INFO:root:## Start inference on frame!
ERROR:root:flag_return: False. Video has reach to the end...
INFO:root:Average inference time of FaceDetection model: 46.5065099425235 ms
INFO:root:Average inference time of FacialLandmarkDetection model: 0.9639626842434124 ms
INFO:root:Average inference time of HeadPoseEstimation model: 2.110372155399646 ms
INFO:root:Average inference time of GazeEstimation model: 4.738435906878973 ms
INFO:root:Total inference time: 35699.297 ms
INFO:root:Total frame: 59
INFO:root:FPS: 1.6527073587495449
ERROR:root:### Camera Stream or Video Stream has reach to the end...###

Comparison model size and load time

Model Type Size Load time Average inference time
face-detection-adas-binary-0001 FP32-INT1 1.86 MB 402.233 ms 50.7061845165188 ms
FP32-INT1 1.86 MB 378.925 ms 46.96024070351811 ms
FP32-INT1 1.86 MB 328.122 ms 46.5065099425235 ms
landmarks-regression-retail-0009 FP32 786 KB 202.0 ms 1.6961178537142478 ms
FP16 413 KB 187.5 ms 0.5190655336541644 ms
FP16-INT8 314 KB 218.754 ms 0.9639626842434124 ms
head-pose-estimation-adas-0001 FP32 7.34 MB 178.005 ms 3.2278723635915982 ms
FP16 3.69 MB 187.506 ms 2.277273242756472 ms
FP16-INT8 2.05 MB 312.502 ms 2.110372155399646 ms
gaze-estimation-adas-0002 FP32 7.24 MB 211.995 ms 3.6383079270185053 ms
FP16 3.69 MB 203.12 ms 3.472477702771203 ms
FP16-INT8 2.09 MB 365.017 ms 4.738435906878973 ms

Comparison of total load and inference time

Total Model Load time Total Inference Time FPS
FP32 994.233 ms 38241.687 ms 1.5428063385806183
FP16 957.05 ms 36004.365 ms 1.6387068103544051
FP16-INT8 1224.395 ms 35699.297 ms 1.6527073587495449


  • For different precision, the model size decreases follow the order of FP32 > FP16 > FP16-INT8. The total inference time follows the same order in this case, the INT8 is faster than FP16 and FP32 is slower than FP32. Lower precision model uses less memory. However, remember lower precision of model also lose the accuracy of model.
  • Memory Access of FP16 is half the size compared with FP32, which reduces memory usage of a neural network. FP16 data transfers are faster than FP32, which improves speed (TFLOPS) and performance.
  • The Model load time and FPS of them are almost the same, but Total model load time of FP16 is much faster than others. For FPS INT-8 is better than others. Besides model only load only when model initializes.
  • In order to achieving the most reasonable combination, we do not want too longer inference time also too low accuracy. Moreover, in some specific scenario such as low budget. We do not want to waste storage attempt to get very high accuracy. To achieve the balance, we need to consider the volume of sacrifice.
  • I would choose FP16 as best option based on all results, for each model the load time, average inference time, total load time and total inference time in FP16 gives very good results.

Stand Out Suggestions

  • Use the VTune Amplifier to find hotspots in inference engine pipline.
  • Build an inference pipeline for both video file and webcam feed as input. Allow the user to select their input option in the command line arguments.
  • Benchmark the running times of different parts of the preprocessing and inference pipeline and let the user specify a CLI argument if they want to see the benchmark timing.

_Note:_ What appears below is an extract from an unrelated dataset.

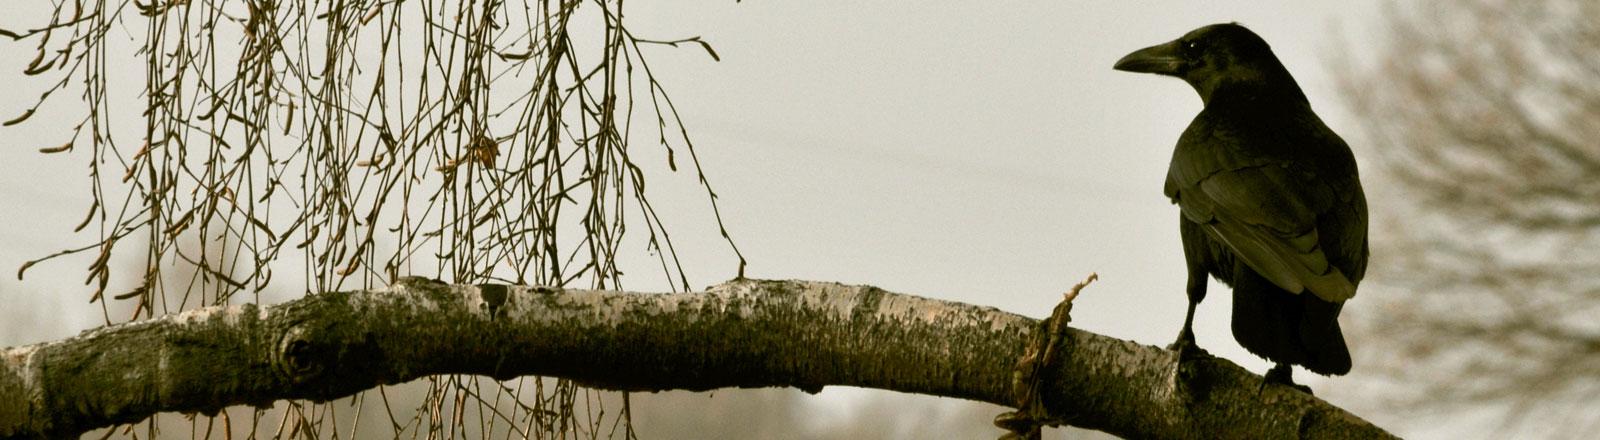 Eine Krähe auf einem Ast.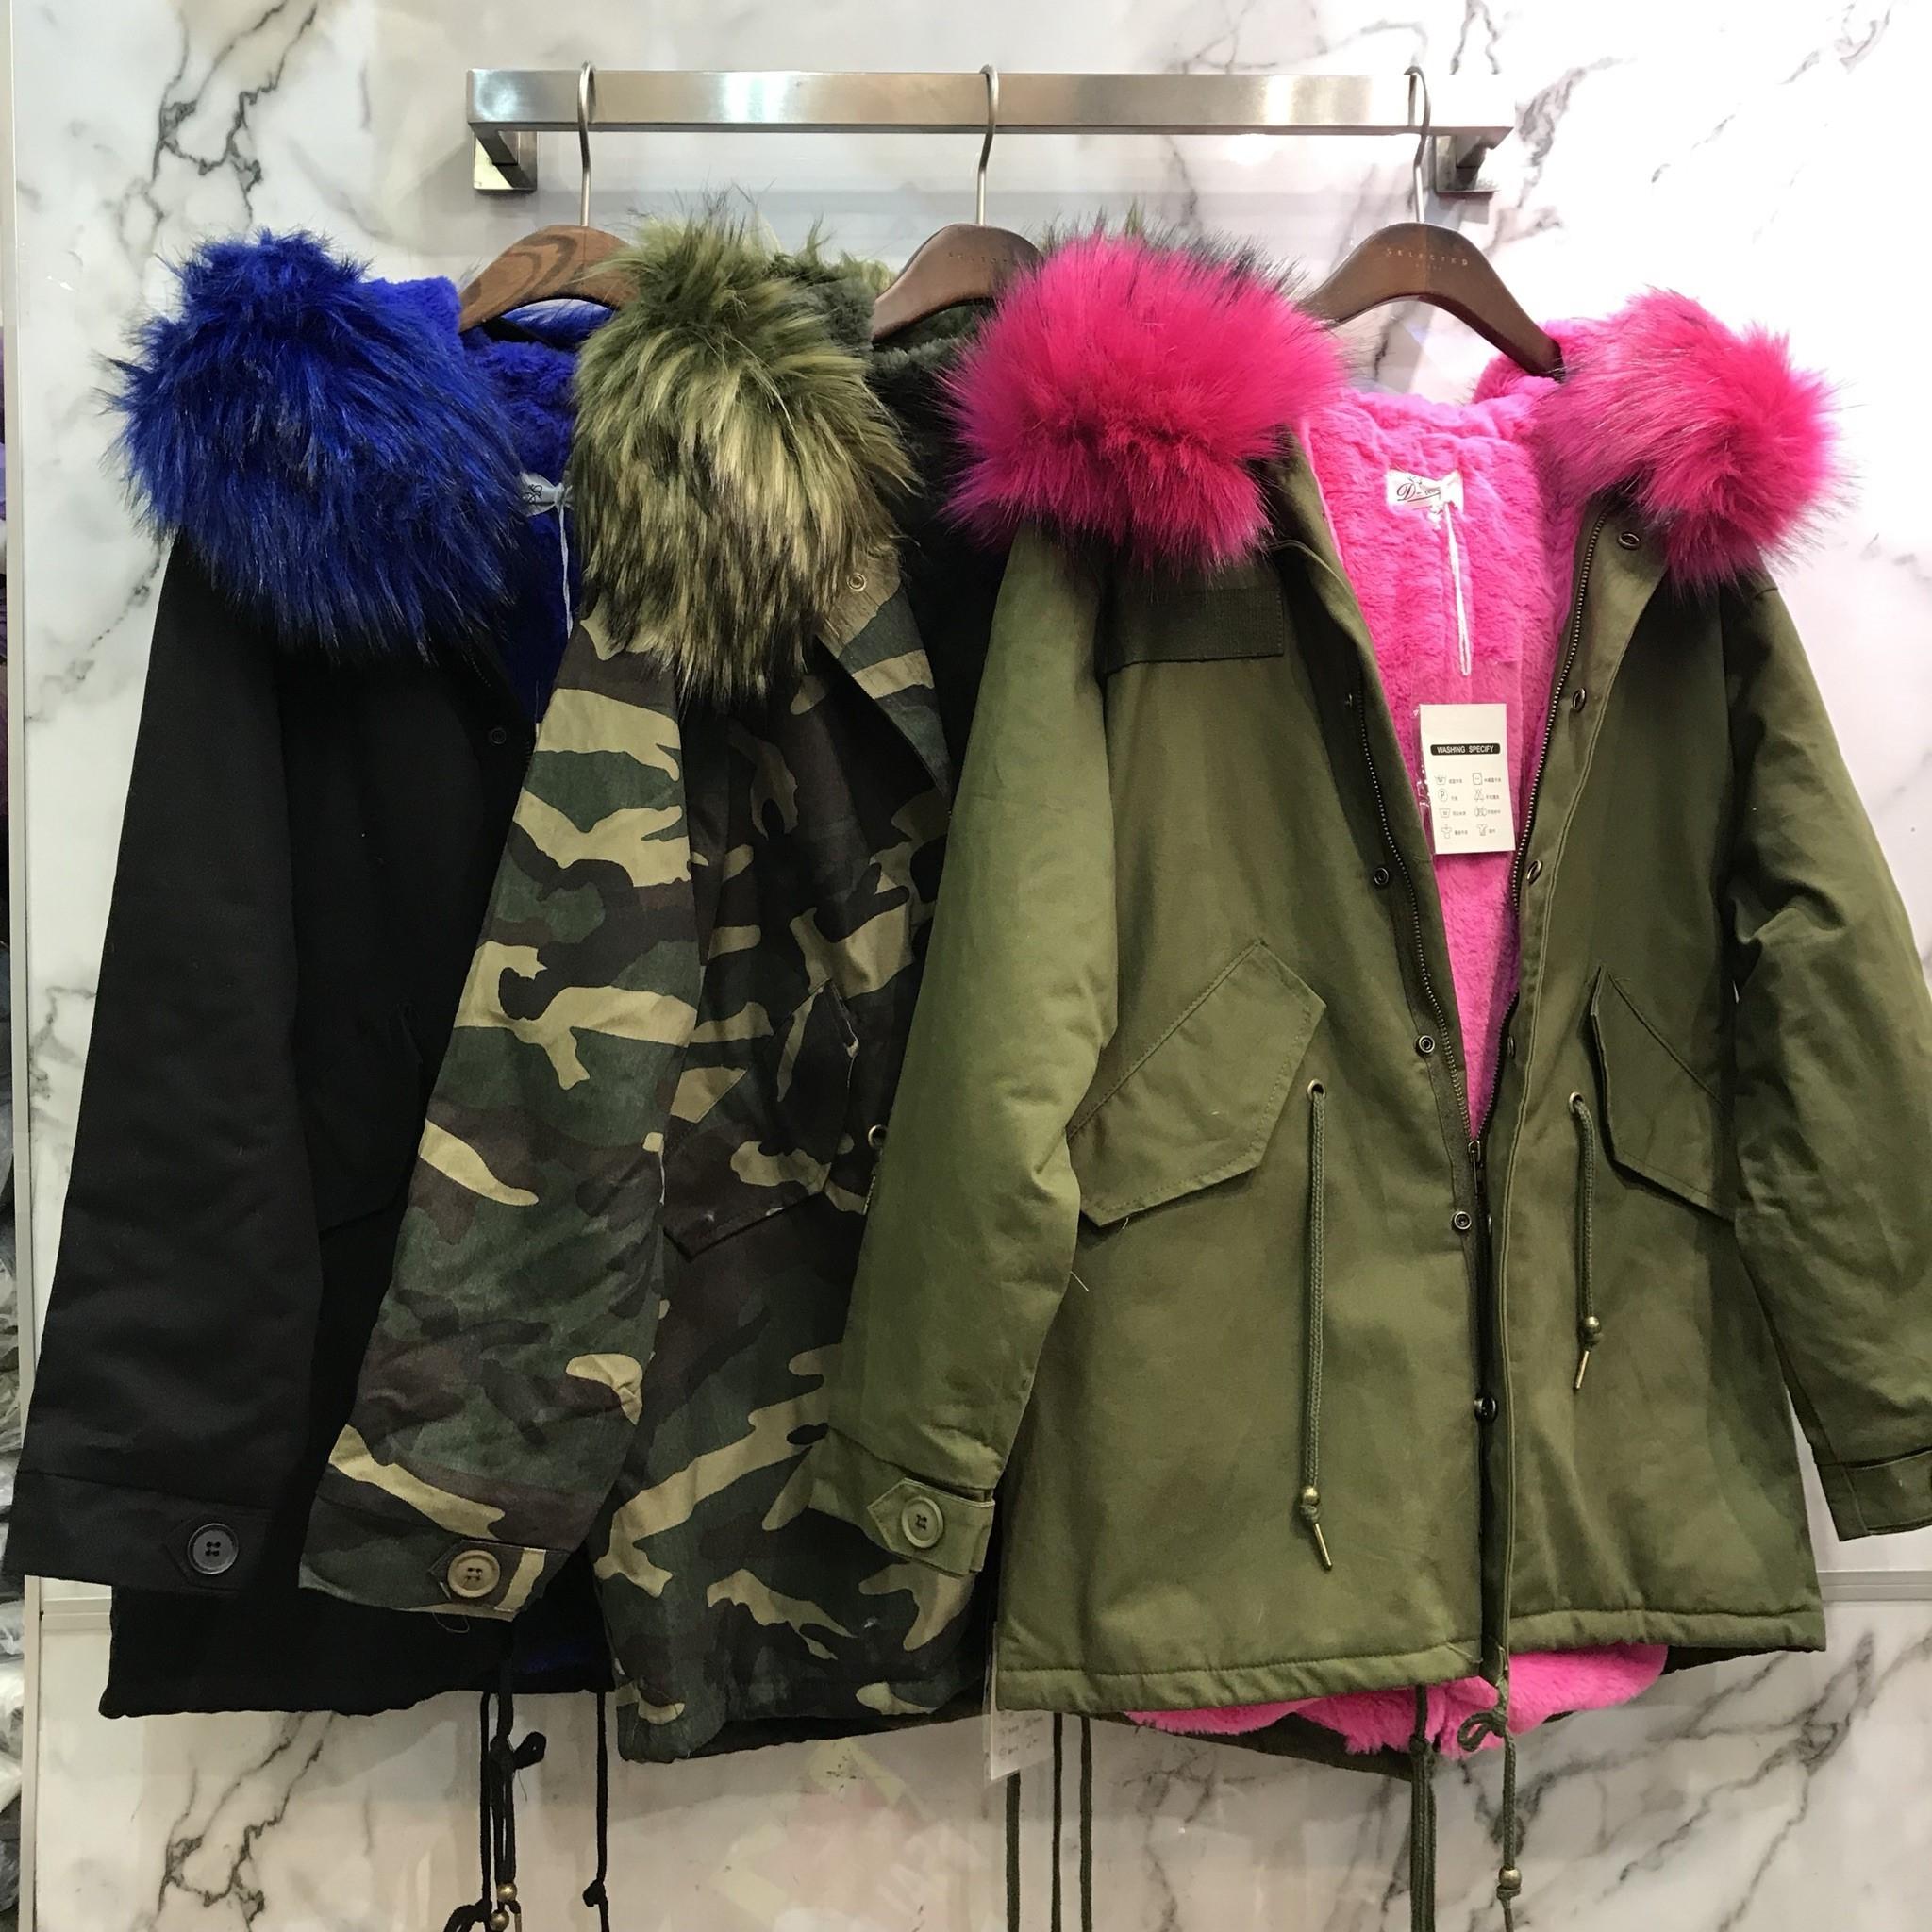 เสื้อผ้าเกาหลีพร้อมส่ง เสื้อกันหนาวตัวยาว บุขนด้านในทั้งตัว มีฮู้ด

Use the get_perf_counts API to print the time it takes for each layer in the model.

Edge Cases

  • If there will multiple face situation, the model only extracts one face to control the mouse pointer and ignore the other faces.
  • If due to certain reason, model couldn't detect the face. It will continue process another frame untill it detects face or keyboard interrupt to exit the program.